The data extraction process produces at least two (and for some reporting sections it could be three) sets of validation data for each reporting section. The first comes from the endpoint of the calculation, and the second is a corresponding set of extracts drawn from a data or analytic warehouse or operational system which produce underlying data. The third is a sample extract of source data (e.g., customer service call logs) that underlie the data residing in a data warehouse. If interim data sets are produced, the reviewer may consider extracting these data to ensure that data sets have been joined properly. Details on extracting and evaluating the data are outlined in the next section.

  1. Data Extraction Process Detail

    1. Extraction of the Census

Data extraction of the full census will be conducted at the organization’s contract level, and in some instances, at the plan level. Extraction of a full census will provide the reviewer with the most precise evaluation of how accurately an organization reports its Part C or Part D data. Extracting the full census is the most straightforward of the two data extraction methods. The process illustrated in Exhibit 3 applies to all reporting sections where it is deemed practical to extract a census.


Exhibit 3 Application of the Census Process


  1. Identify and Extract “Preliminary Census Data Set(s)”: “Preliminary Census Data Set(s)” will include all files containing records extracted from one of the originating data source(s) (e.g., organization’s internal data warehouse, enrollment system). The “Preliminary Census Data Set(s)” will include all fields referenced in the programming code used to calculate the reporting section. To identify appropriate source data and fields and date ranges for the “Preliminary Census Data Set(s),” the reviewer will refer to the source/programming code, saved data queries, data dictionaries, analysis plans, etc. provided by the organization.


  1. Identify and Extract Source Data: For some reporting sections within some organizations, the source data may already have been extracted from the source systems (e.g., enrollment system) as part of step one described above.
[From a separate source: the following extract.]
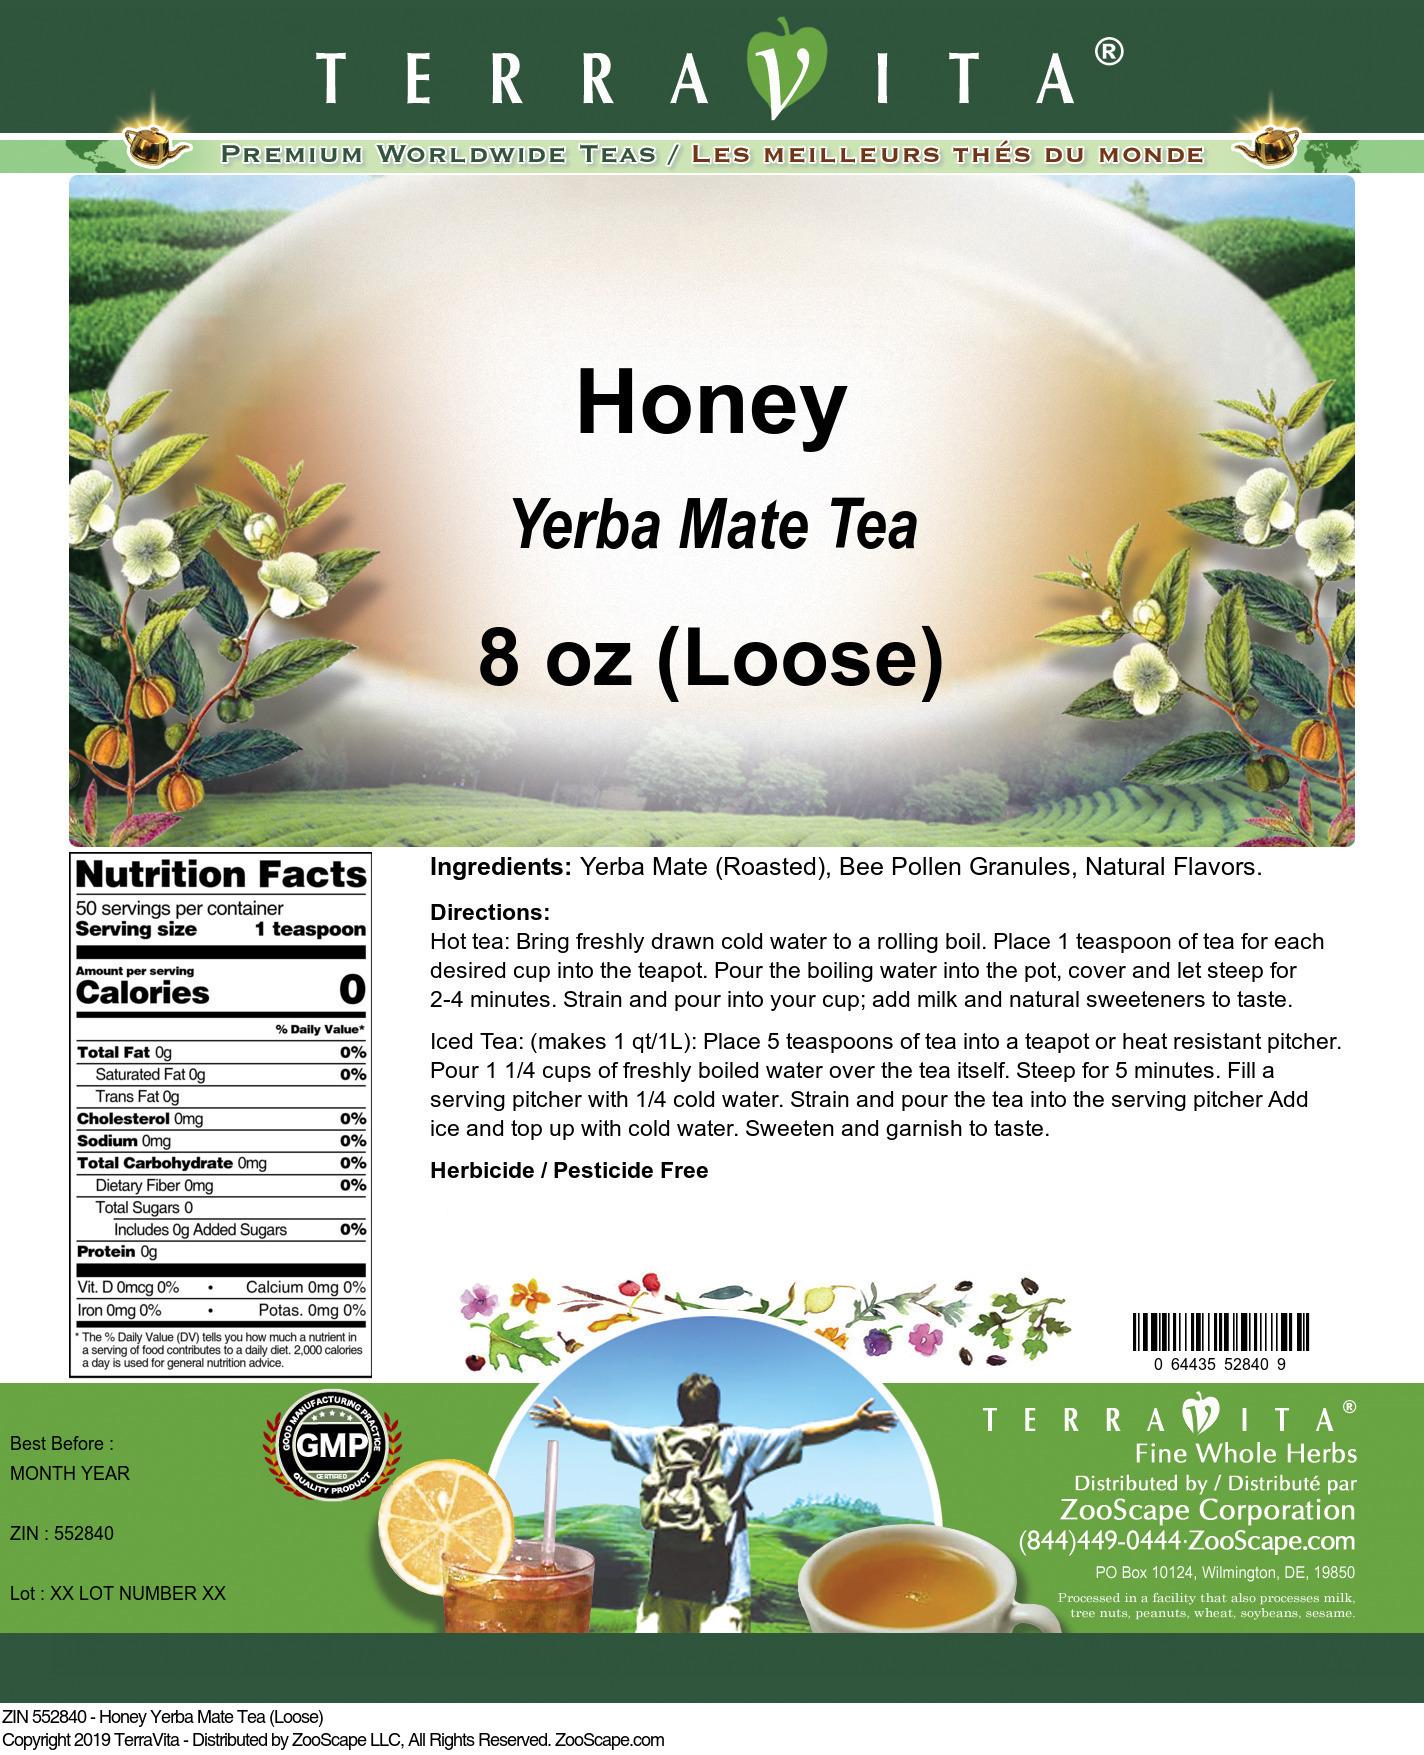 Honey Yerba Mate

For other reporting sections such as grievances or coverage determinations and exceptions, the reviewer will need to extract and examine data sources such as customer service call logs or pharmacy claim files. This step is important because it allows the reviewer the opportunity to validate that the underlying data are correct and were accurately uploaded or entered into the data warehouse. See Section 3.3 for instructions on example source data and sample sizes.


  1. Identify and Extract “Interim Census Data Set(s)” (If applicable): Where applicable, the reviewer will identify “Interim Census Data Sets,” that is, data sets that have undergone a cleaning process after initial entry into a data warehouse and before being joined to create the “Final Stage Data Set(s).” All “Interim Census Data Sets” should be identified and clearly labeled so that the relationship between data extracts is identified and distinguishable.


  1. Identify and Extract “Final Stage Data Set(s)”: The reviewer will identify the last clean and detailed (line item level) data set used prior to aggregating counts and sums for the data reporting section. This is the cleanest and last line item level file before data aggregation for entry into HPMS and is referred to as the “Final Stage Data Set.” Note that in some cases, multiple “Final Stage Data Sets” will be identified.


  1. Write and Encrypt Data to Secure Storage Device: The organization will transfer all data files collected to a secure storage device. Organizations undergoing review should coordinate with reviewers to ensure that the organization’s security software does not interfere with data transfer. Files requested before or after the site visit can be transferred via a secure web portal or by other methods that comply with regulations governing secure storage and transfer of Personal Health Information (PHI). See Section 4.2 for instructions on the file format.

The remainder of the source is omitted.